Saved data entries
===

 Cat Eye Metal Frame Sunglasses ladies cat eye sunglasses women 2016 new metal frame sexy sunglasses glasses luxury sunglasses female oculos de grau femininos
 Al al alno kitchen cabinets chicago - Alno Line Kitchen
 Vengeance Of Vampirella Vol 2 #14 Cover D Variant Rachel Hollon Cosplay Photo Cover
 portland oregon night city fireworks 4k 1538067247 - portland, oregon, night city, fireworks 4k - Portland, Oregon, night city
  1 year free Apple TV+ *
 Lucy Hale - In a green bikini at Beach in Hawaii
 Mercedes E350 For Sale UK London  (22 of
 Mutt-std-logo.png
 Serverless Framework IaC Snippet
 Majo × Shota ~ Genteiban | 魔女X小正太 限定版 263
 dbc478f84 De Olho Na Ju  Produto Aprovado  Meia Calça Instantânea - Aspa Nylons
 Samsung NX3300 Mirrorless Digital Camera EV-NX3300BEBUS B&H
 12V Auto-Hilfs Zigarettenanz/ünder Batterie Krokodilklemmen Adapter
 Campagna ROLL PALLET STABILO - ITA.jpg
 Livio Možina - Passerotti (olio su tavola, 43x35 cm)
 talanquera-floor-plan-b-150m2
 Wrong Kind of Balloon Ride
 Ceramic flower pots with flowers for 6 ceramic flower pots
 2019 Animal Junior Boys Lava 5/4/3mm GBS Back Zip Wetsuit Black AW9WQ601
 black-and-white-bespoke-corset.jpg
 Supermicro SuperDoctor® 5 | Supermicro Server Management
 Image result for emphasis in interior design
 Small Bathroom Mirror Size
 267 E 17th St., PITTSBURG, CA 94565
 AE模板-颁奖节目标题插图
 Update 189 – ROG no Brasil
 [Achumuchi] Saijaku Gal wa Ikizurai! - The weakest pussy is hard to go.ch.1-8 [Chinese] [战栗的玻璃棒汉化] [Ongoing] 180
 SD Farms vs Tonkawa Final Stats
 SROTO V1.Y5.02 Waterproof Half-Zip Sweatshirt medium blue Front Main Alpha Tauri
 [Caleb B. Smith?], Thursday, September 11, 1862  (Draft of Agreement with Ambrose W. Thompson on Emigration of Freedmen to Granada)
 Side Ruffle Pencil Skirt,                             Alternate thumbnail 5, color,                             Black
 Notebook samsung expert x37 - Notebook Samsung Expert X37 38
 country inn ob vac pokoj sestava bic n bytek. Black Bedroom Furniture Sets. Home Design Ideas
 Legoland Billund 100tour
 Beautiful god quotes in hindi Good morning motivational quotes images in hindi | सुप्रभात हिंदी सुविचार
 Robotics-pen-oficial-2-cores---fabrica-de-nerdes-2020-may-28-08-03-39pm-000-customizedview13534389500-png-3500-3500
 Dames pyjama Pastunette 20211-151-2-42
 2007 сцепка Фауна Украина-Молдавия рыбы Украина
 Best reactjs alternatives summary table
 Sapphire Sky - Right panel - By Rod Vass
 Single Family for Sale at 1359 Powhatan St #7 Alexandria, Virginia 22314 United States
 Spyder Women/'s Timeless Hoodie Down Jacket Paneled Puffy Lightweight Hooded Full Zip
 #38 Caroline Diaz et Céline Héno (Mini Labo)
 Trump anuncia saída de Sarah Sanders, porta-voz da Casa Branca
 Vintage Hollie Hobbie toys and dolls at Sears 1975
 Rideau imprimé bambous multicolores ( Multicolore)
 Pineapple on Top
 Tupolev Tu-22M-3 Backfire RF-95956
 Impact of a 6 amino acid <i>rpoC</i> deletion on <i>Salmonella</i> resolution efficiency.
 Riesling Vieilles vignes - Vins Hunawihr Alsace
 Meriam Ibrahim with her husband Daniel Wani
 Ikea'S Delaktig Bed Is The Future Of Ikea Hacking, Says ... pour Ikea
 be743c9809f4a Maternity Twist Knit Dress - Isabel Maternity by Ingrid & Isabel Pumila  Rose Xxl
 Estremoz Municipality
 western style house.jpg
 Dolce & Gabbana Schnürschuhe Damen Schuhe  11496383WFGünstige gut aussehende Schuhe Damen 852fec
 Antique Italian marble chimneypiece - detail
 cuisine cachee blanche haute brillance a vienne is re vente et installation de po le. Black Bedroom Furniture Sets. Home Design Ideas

===

Aim of the task —
What number of lines in the records hold "Furniture"? Reply with that number alone.

Expected answer —
2